_Data segment_:
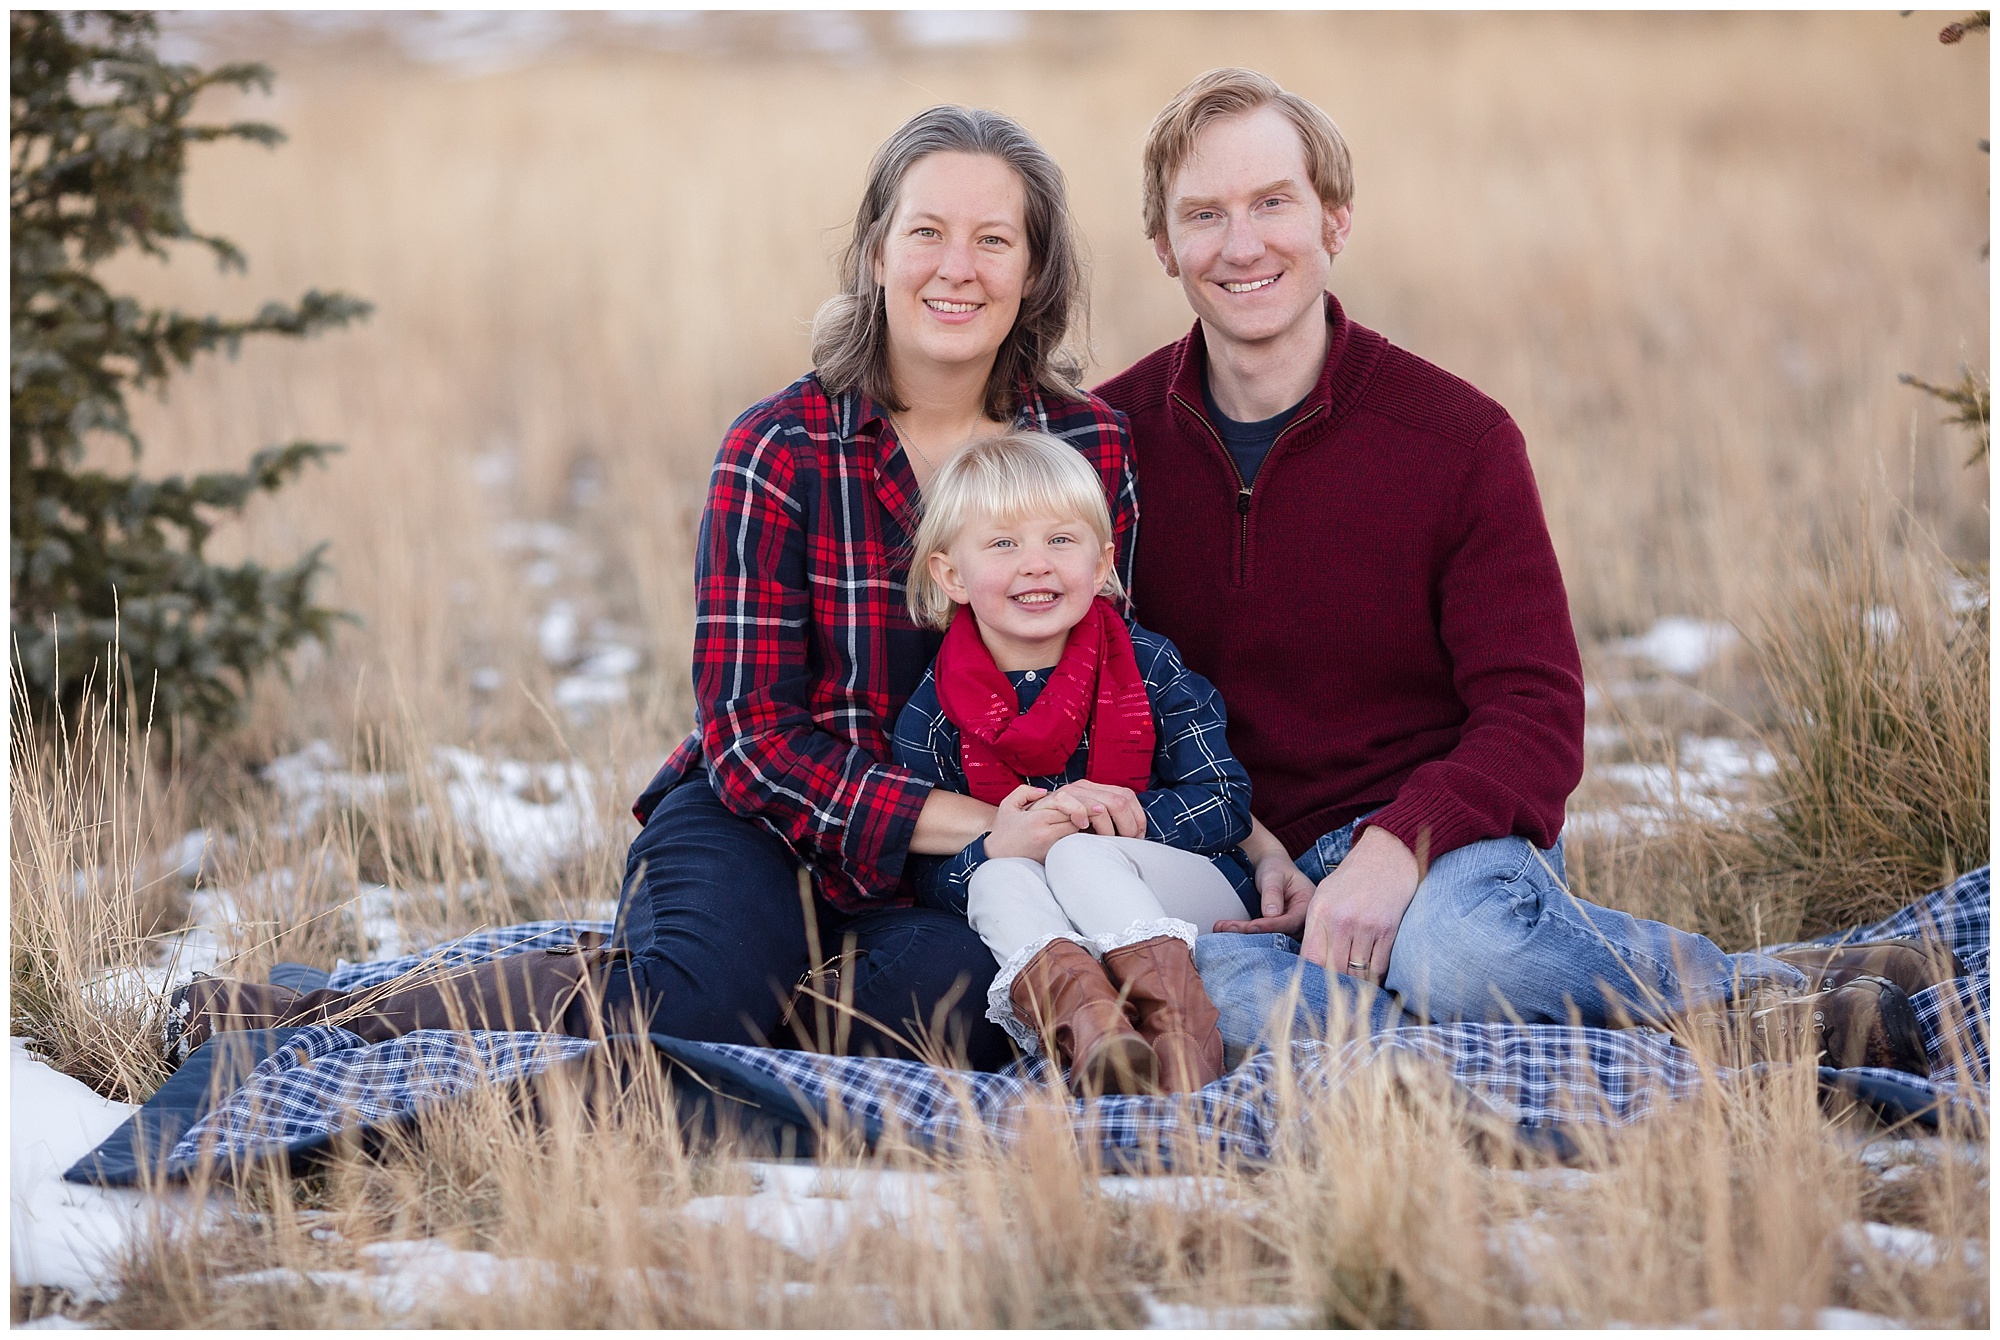 Family sits together on a blanket during their winter family photos.
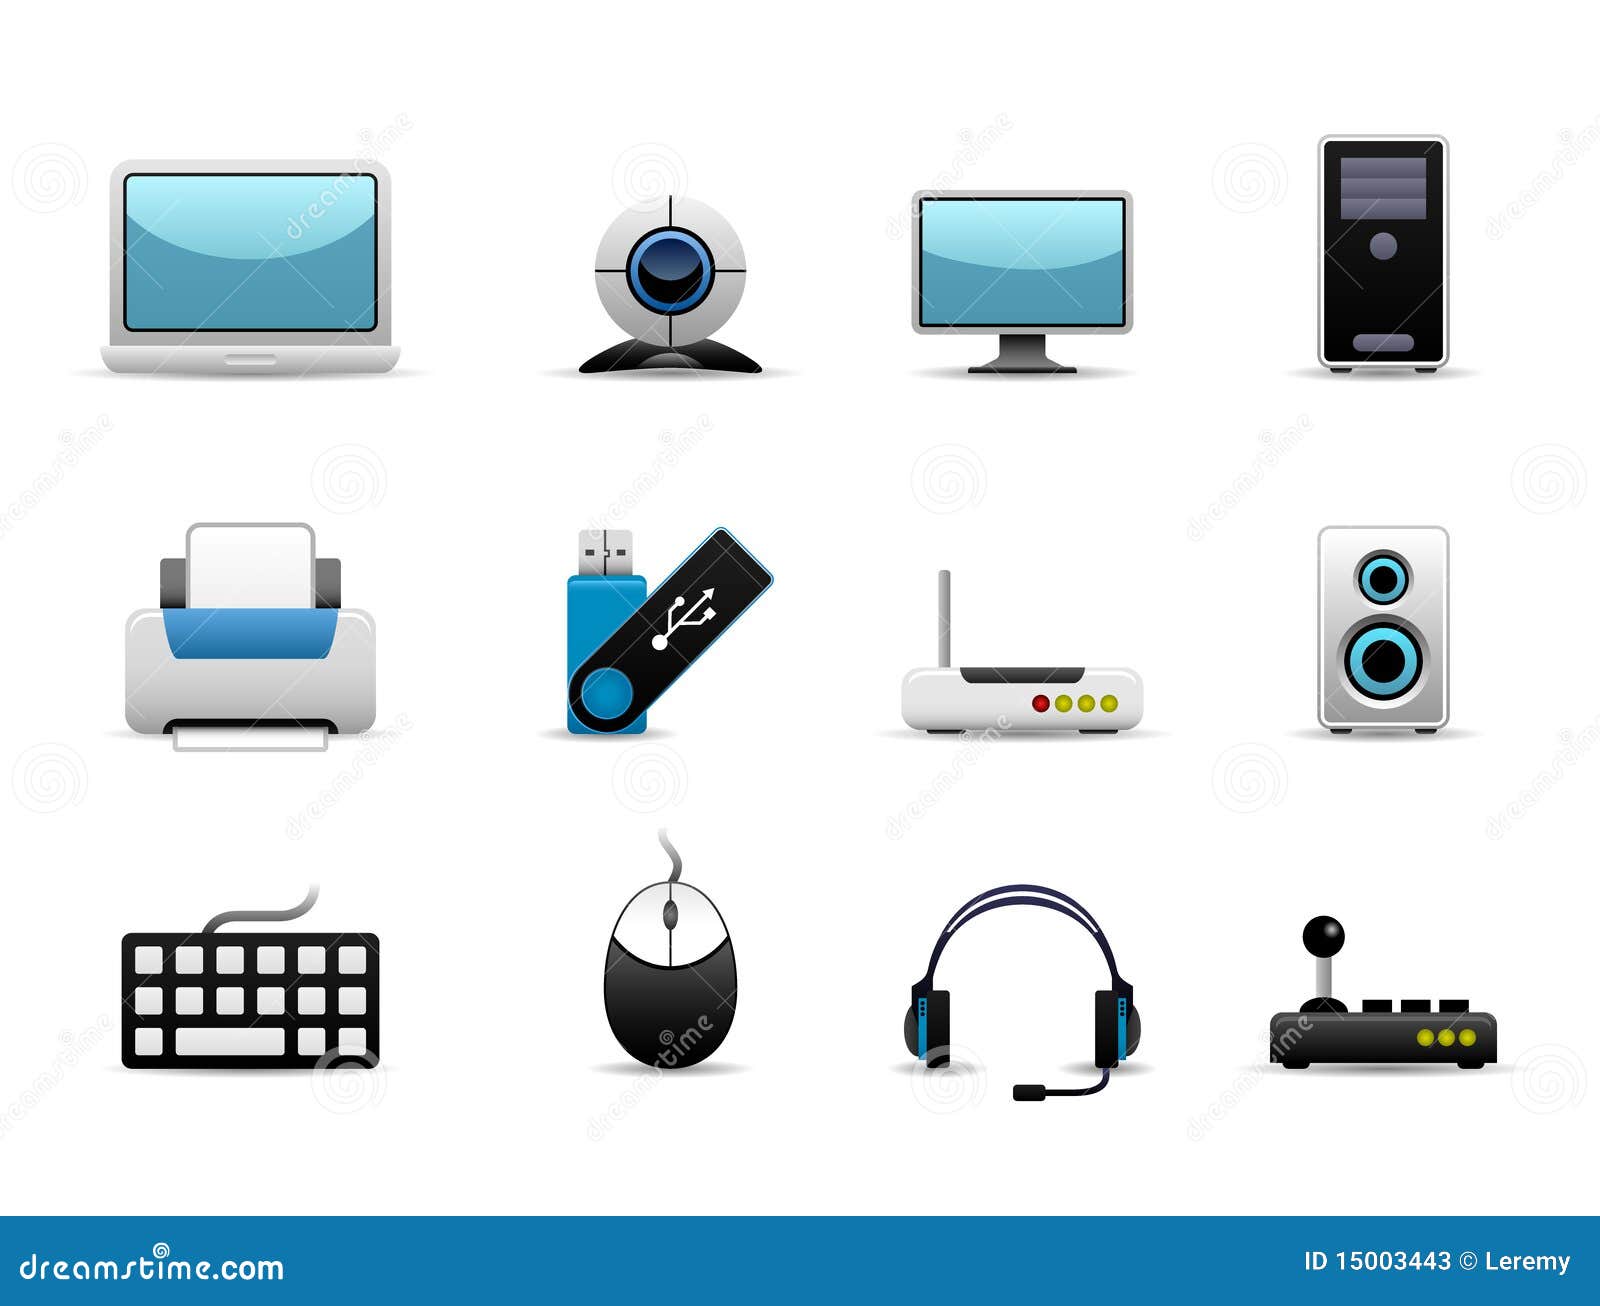 computer hardware clipart free download - photo #47
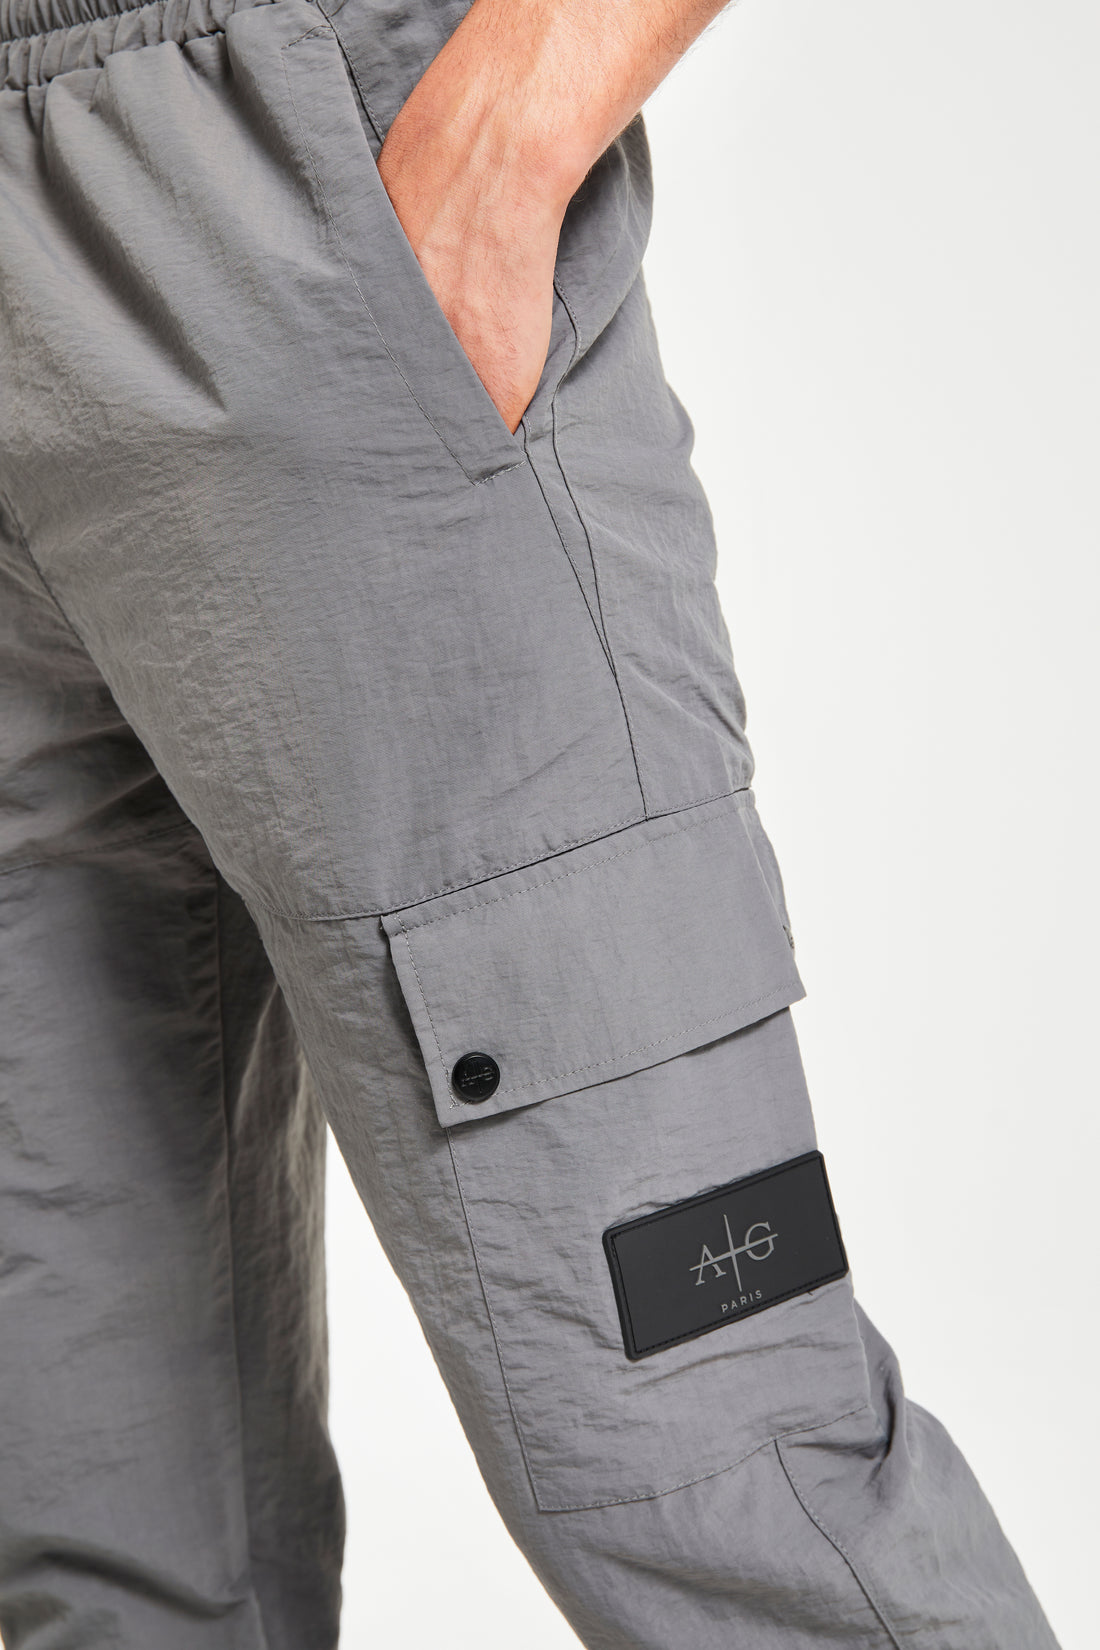 Men's cargo trousers close up in charcoal grey
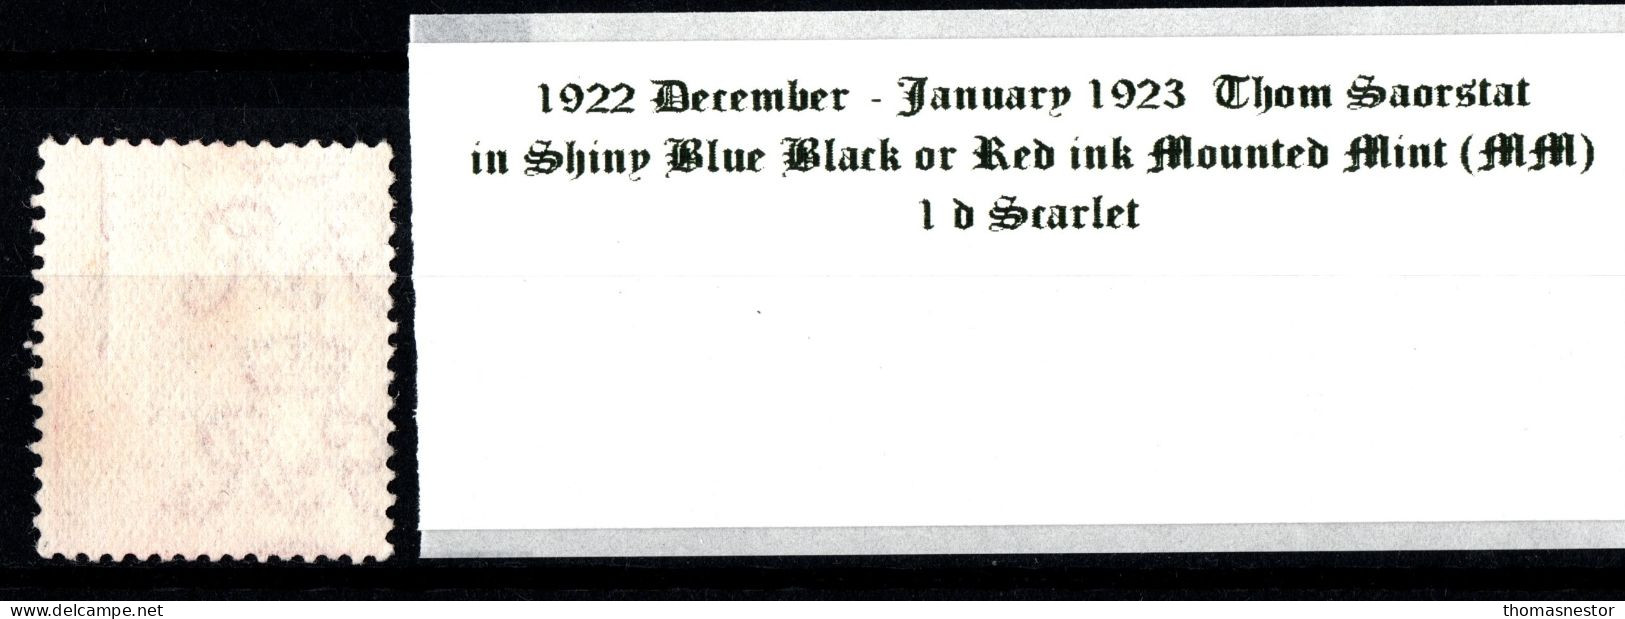 1922 - 1923 December - January Thom Saorstát In Shiny Blue Black Or Red Ink 1 D Scarlet Mounted Mint (MM) - Nuevos

_Exercise requirements_: Copy nothing but the lines above from the one with "Men's cargo trousers" through the end of the material, word for word, and drop the pictures.

_Result_:
 Men's cargo trousers close up in charcoal grey
 1922 - 1923 December - January Thom Saorstát In Shiny Blue Black Or Red Ink 1 D Scarlet Mounted Mint (MM) - Nuevos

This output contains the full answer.